By the way, no matter how they market the flight museum to potential tourists in New York City or Asia, it is located in Tukwila, not Seattle.
9. Navos Mental Health Center celebrates grand opening of new facility
The 52,450 square foot campus encompasses two buildings with client apartments nearby. It is easily accessible along the Ambaum bus route at Southwest 136th Street.
The center moved from the old Sunny Terrace school site under the third runway flight path. That allows me to throw in that I attended school there, the old center was once named for my mother who was one of the founders and being under a flight path is bad for anyone’s mental health.
Bigger is also apparently better in mental health care as Navos has also taken over the Ruth Dykeman Children’s Center on Lake Burien.
10. Tukwila board exonerates superintendent but she resigns anyway
Just about the time Susan Enfield came on board at Highline, Tukwila superintendent Ethelda Burke resigned after being charged with discriminating against African American staff members.
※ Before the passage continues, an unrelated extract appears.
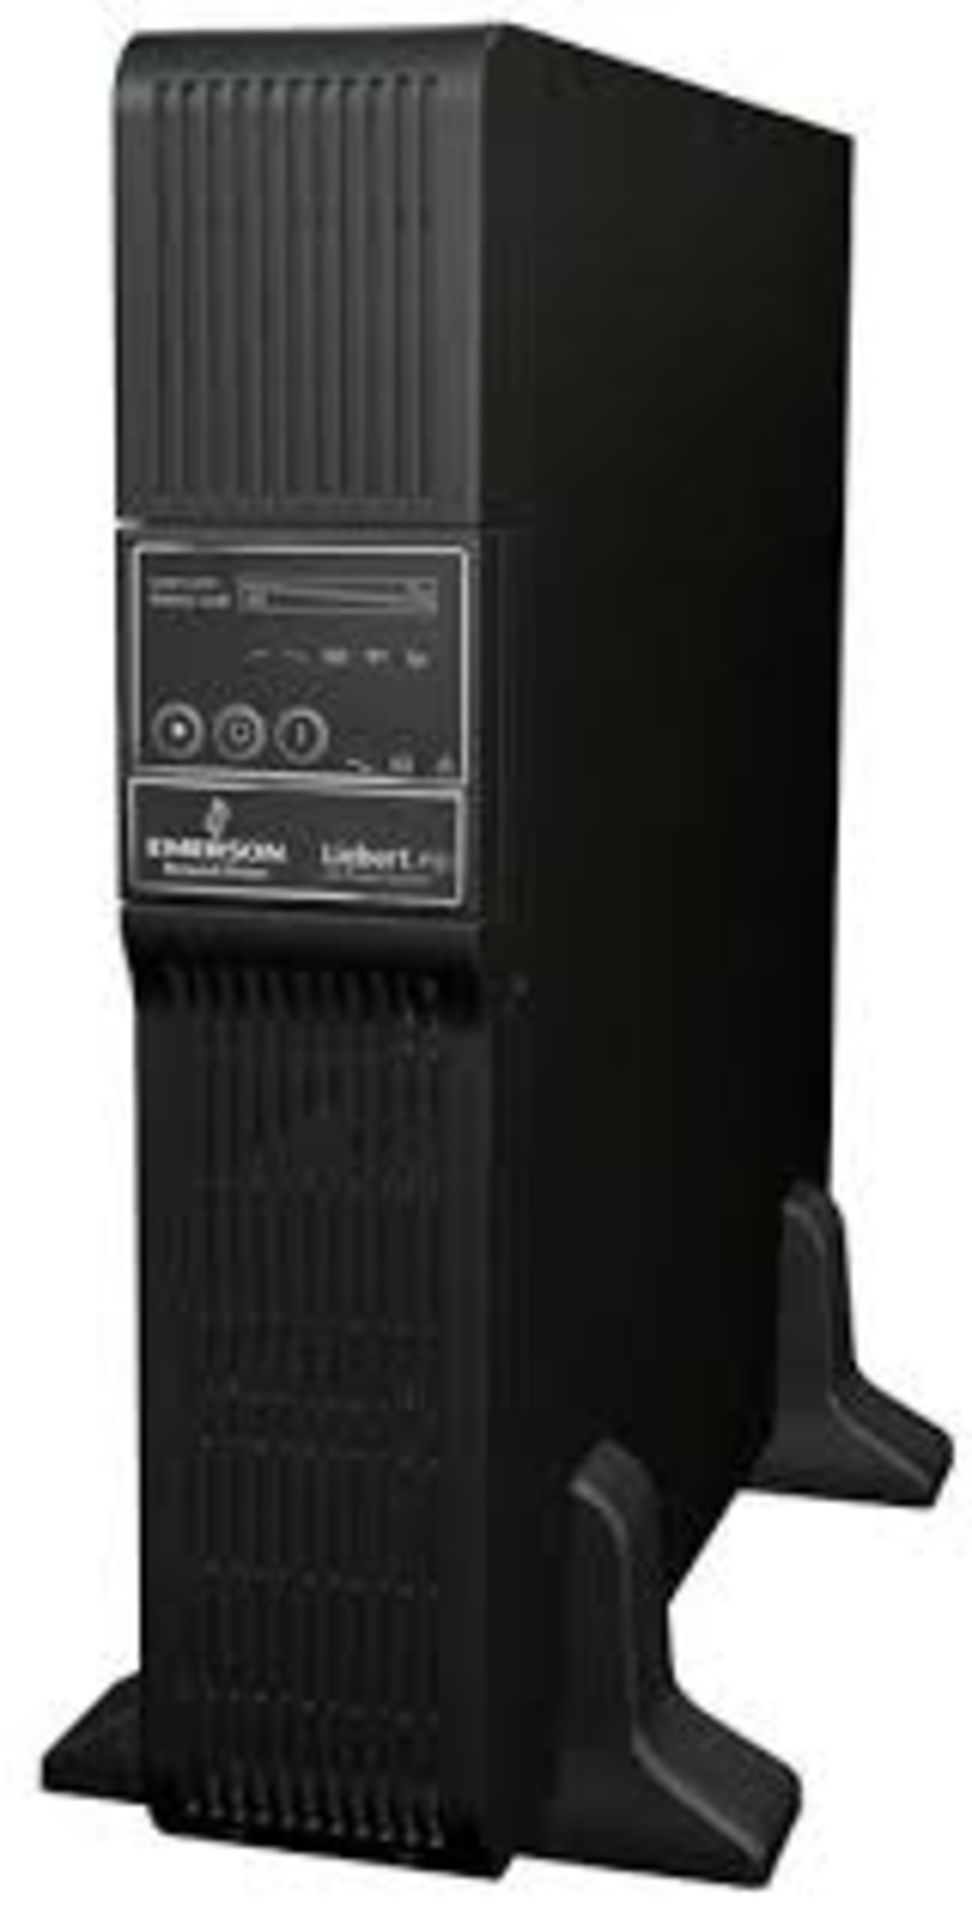 Boxed Emerson Liebert Ps 1500 RT3-230 Interactive UPS IT Networking System RRP£700.0 (Viewings And
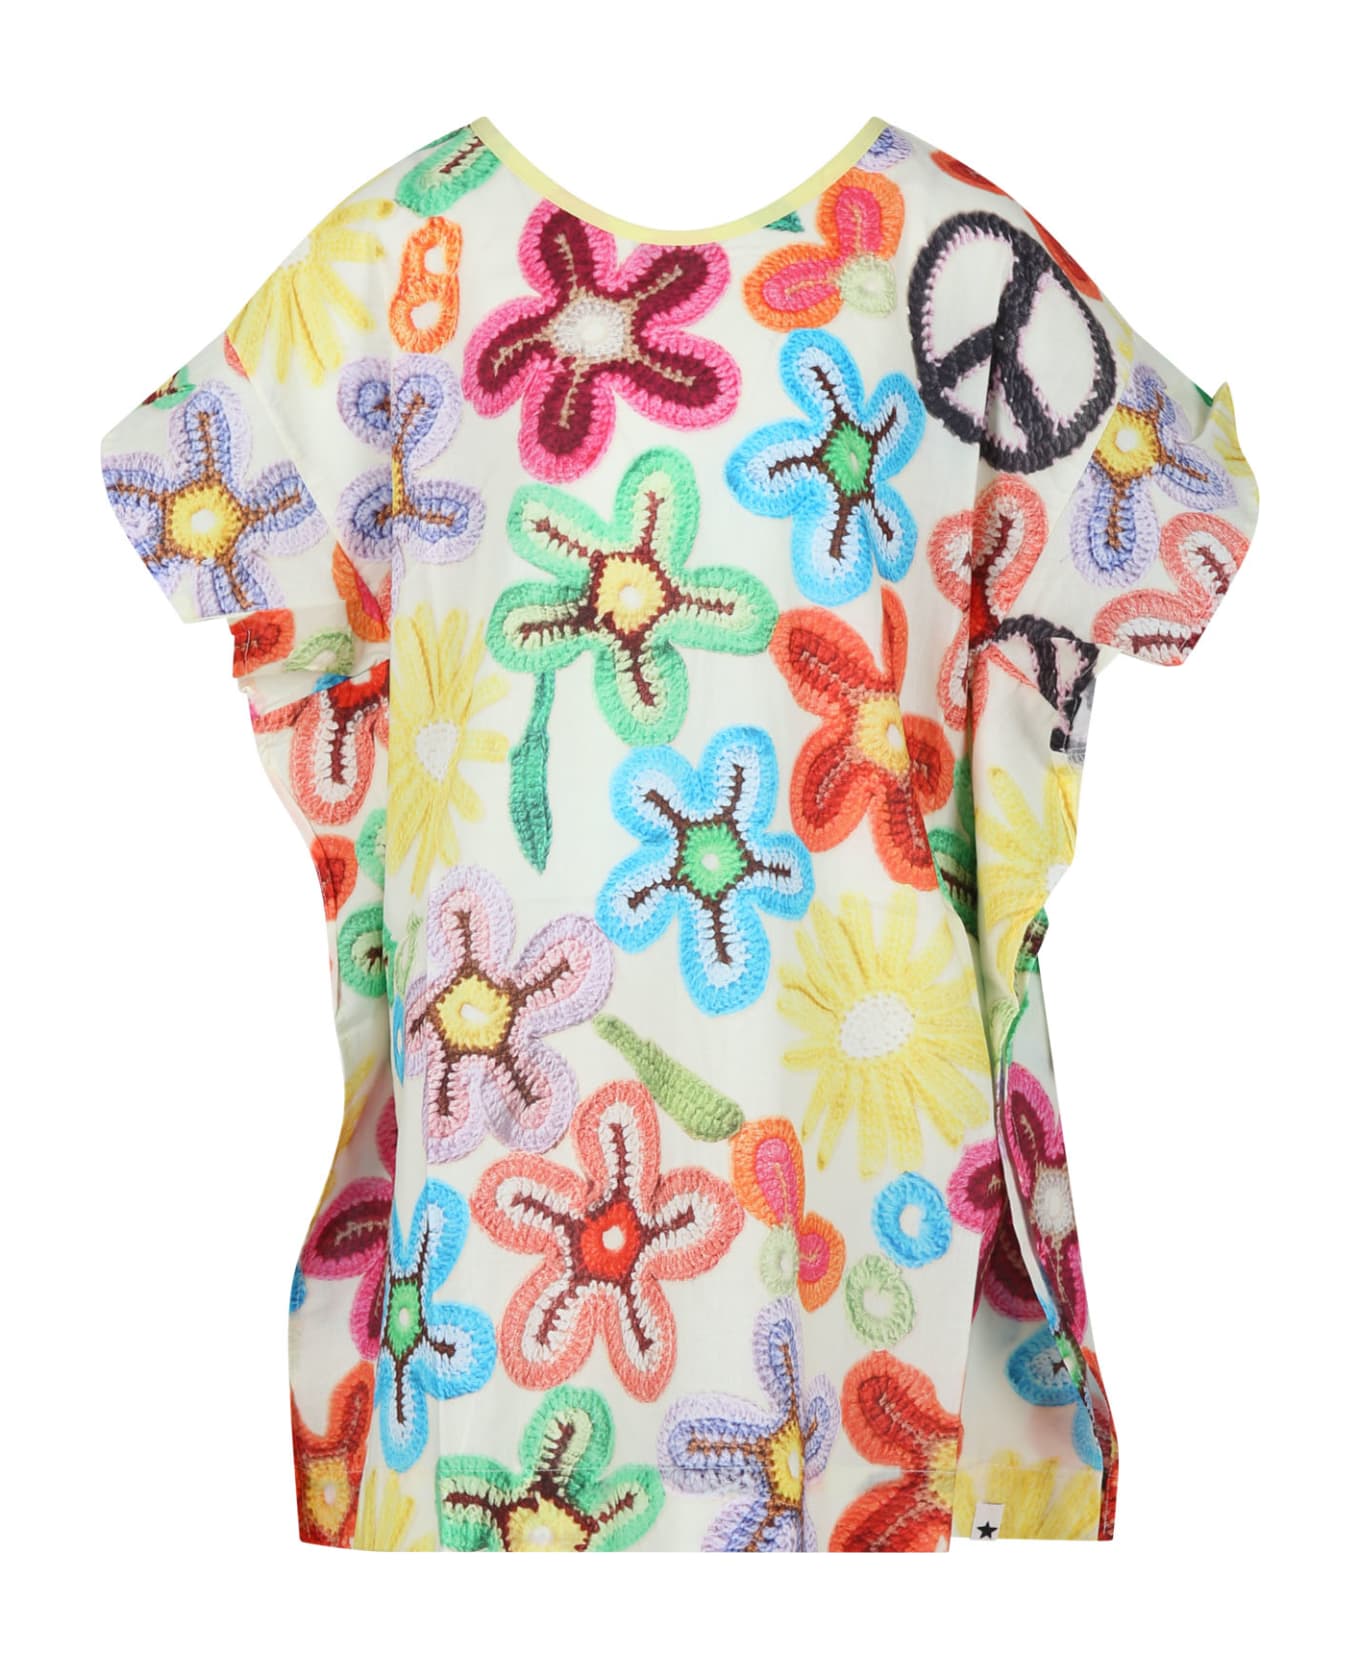 Molo Yellow Swimsuit Cover-up For Girl With Flowers Print - Multicolor

The school board cleared her but Burke said it would be impossible for her to return and be effective. Burke quit in July and there is still no permanent replacement in one of the country’s most racially diverse school districts.
Burke is African American. Obviously there is much more to this story that we will never know.
Ending on a positive note, Tukwila along with Highline and five other area districts won a $40 million Race to the Top federal grant.